In an individual contingent-fee case, the plaintiff’s lawyers may or may not agree to bear litigation expenses. But if they do commit to paying costs, they do not do it as class action lawyers do, in anticipation of a dollar-for-dollar reimbursement. Instead, they expect reimbursement plus a larger contingent fee percentage. (We will see how much bigger below.)
Preference that client pays expenses
At my firm, where I’ve practiced for 30 years, we strongly prefer clients to remain responsible for expenses of litigation. That arrangement has at least two important virtues. (1) It reduces our risk, and (2) it gives the client an incentive not to reject a good pre-trial settlement on the chance we will win even more at trial.

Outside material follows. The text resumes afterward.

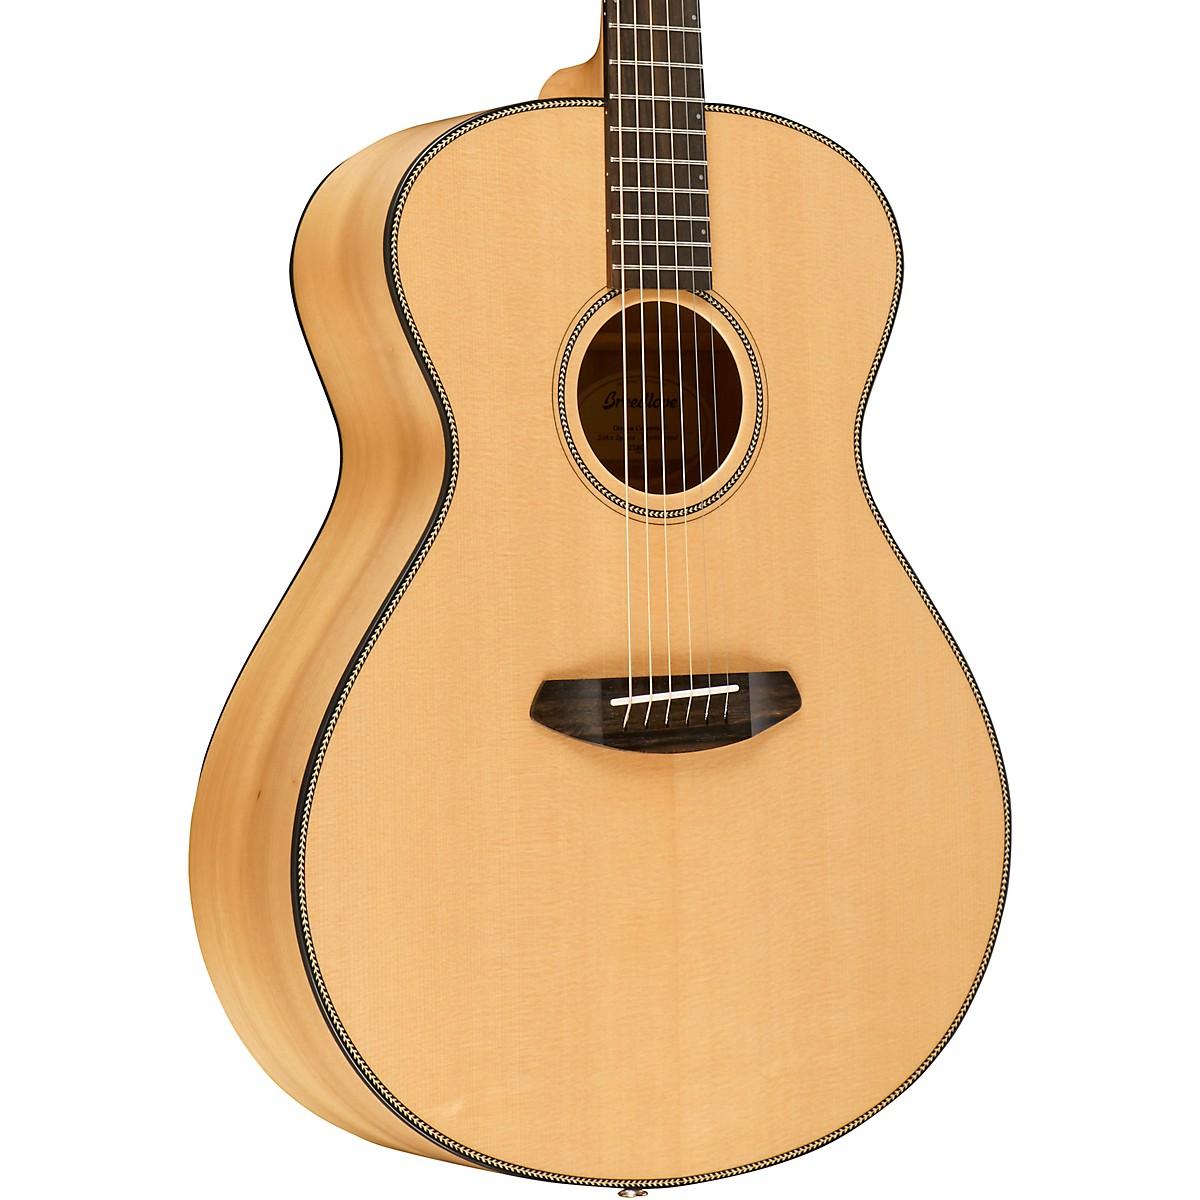 Breedlove Oregon Concerto E Sitka Spruce - Myrtlewood Acoustic-Electric Guitar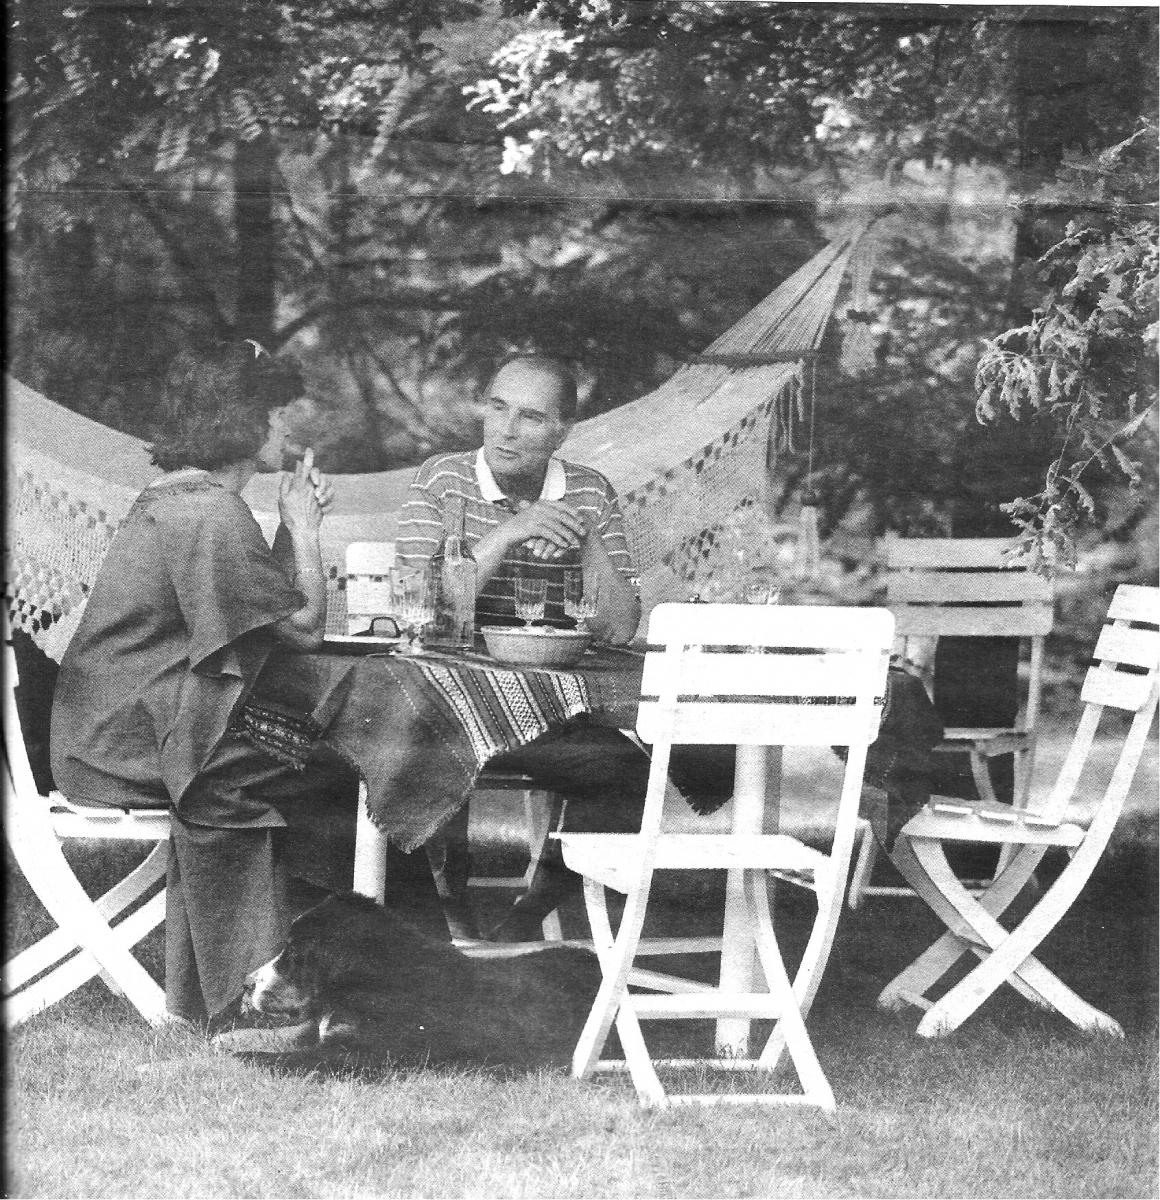 Il y a 40 ans... Voyage en Mitterrandie (I) la nature et les livres à Latche

We express our strong preference for clients’ bearing expenses by making engagements in which they do much easier to get through our case acceptance regimen. The process involves a vote by all lawyers at a firm-wide meeting we generally hold once a week (on Wednesdays). If a proposal would require the firm to pay expenses, the lawyer pitching the case must get a two-thirds supermajority. Only cases with a very high likelihood of success can run that gauntlet.
As I mentioned, a client who does not bear litigation costs will generally also have to agree to pay a bigger percentage of the recovery as a contingent fee. How much bigger? It depends on the individual case, of course, but generally a client can expect the percentage to increase by five to 10 percentage points. Forty percent instead of one-third, for example.
The implicit cost of having us pay expenses varies according to the value of the client’s claims. In a case worth $10 million and a six-point bump to our contingent fee, we would receive the expenses we bore plus a $600,000 return on that part of our investment. If the case required $1 million in expenditures on expert fees, travel expenses, e-discovery charges, and other costs, the $1.6 million recovery by my firm would represent a 1.6x multiple — well below the 3x to 4x multiple we typically aim for. (Note that these multipliers do not account for the time value of money.)
The cost of third-party funding
I would guess that third-party litigation funders (TPLF) offer similar terms. See “The Cost of Third-Party Litigation Funding“. (Please post a comment if you know even in general terms how TPLF firms price their financing, which may include both expenses and a portion of attorneys’ fees.)
But adding TPLF to the mix introduces the potential complexity of having a third party that wants more or less to join the trial team. TPLF firms take pains to assure clients that they will not attempt to exercise control over the client or the lawyers and that their actions will not compromise the protecting of the attorney-client privilege and the lawyer work product doctrine.
These potential complications suggest that TPLF funding should cost less than advancement of expenses by contingent-fee law firms. I get the sense, though, that if anything hey cost more — not least because they do not disclose their pricing, an excellent indication that they charge a lot and do not wish to encourage comparison shopping.
In some cases, the law firm that the client wants will not agree to advance litigation costs, and the client either cannot or chooses not to bear the expense herself. Those situations present the likeliest ones for a TPLF firm to provide funding for expenses because in those circumstances they justify their probably higher effective interest rates.